=== EXTRACTED ENTRIES ===
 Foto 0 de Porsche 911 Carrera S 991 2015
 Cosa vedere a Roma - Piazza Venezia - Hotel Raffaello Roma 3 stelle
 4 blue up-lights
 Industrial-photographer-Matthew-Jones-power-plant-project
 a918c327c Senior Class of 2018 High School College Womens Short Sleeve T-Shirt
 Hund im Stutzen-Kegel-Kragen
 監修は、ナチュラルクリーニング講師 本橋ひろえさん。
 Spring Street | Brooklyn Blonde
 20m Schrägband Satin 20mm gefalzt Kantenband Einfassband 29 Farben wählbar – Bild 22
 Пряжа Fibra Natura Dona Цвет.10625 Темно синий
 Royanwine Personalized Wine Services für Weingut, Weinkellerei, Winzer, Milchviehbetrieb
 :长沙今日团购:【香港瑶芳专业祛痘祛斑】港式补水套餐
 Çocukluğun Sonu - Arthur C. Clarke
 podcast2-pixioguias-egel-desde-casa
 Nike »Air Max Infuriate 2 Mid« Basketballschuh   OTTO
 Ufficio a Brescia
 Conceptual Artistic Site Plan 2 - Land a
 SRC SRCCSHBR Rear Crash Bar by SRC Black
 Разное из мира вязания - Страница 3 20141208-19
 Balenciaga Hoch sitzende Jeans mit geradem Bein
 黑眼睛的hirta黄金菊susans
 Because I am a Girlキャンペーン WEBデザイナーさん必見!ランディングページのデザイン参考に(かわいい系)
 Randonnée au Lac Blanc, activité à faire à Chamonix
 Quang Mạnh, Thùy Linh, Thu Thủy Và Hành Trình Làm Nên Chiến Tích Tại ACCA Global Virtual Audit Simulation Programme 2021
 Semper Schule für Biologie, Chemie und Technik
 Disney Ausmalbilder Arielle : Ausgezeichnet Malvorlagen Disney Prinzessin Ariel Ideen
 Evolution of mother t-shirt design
===
WORK TO COMPLETE:
Please give an exact copy of the lines above, beginning with the line containing "4 blue up-lights" and running through the line containing "Пряжа Fibra Natura", and of no other lines.

EXPECTED ANSWER:
 4 blue up-lights
 Industrial-photographer-Matthew-Jones-power-plant-project
 a918c327c Senior Class of 2018 High School College Womens Short Sleeve T-Shirt
 Hund im Stutzen-Kegel-Kragen
 監修は、ナチュラルクリーニング講師 本橋ひろえさん。
 Spring Street | Brooklyn Blonde
 20m Schrägband Satin 20mm gefalzt Kantenband Einfassband 29 Farben wählbar – Bild 22
 Пряжа Fibra Natura Dona Цвет.10625 Темно синий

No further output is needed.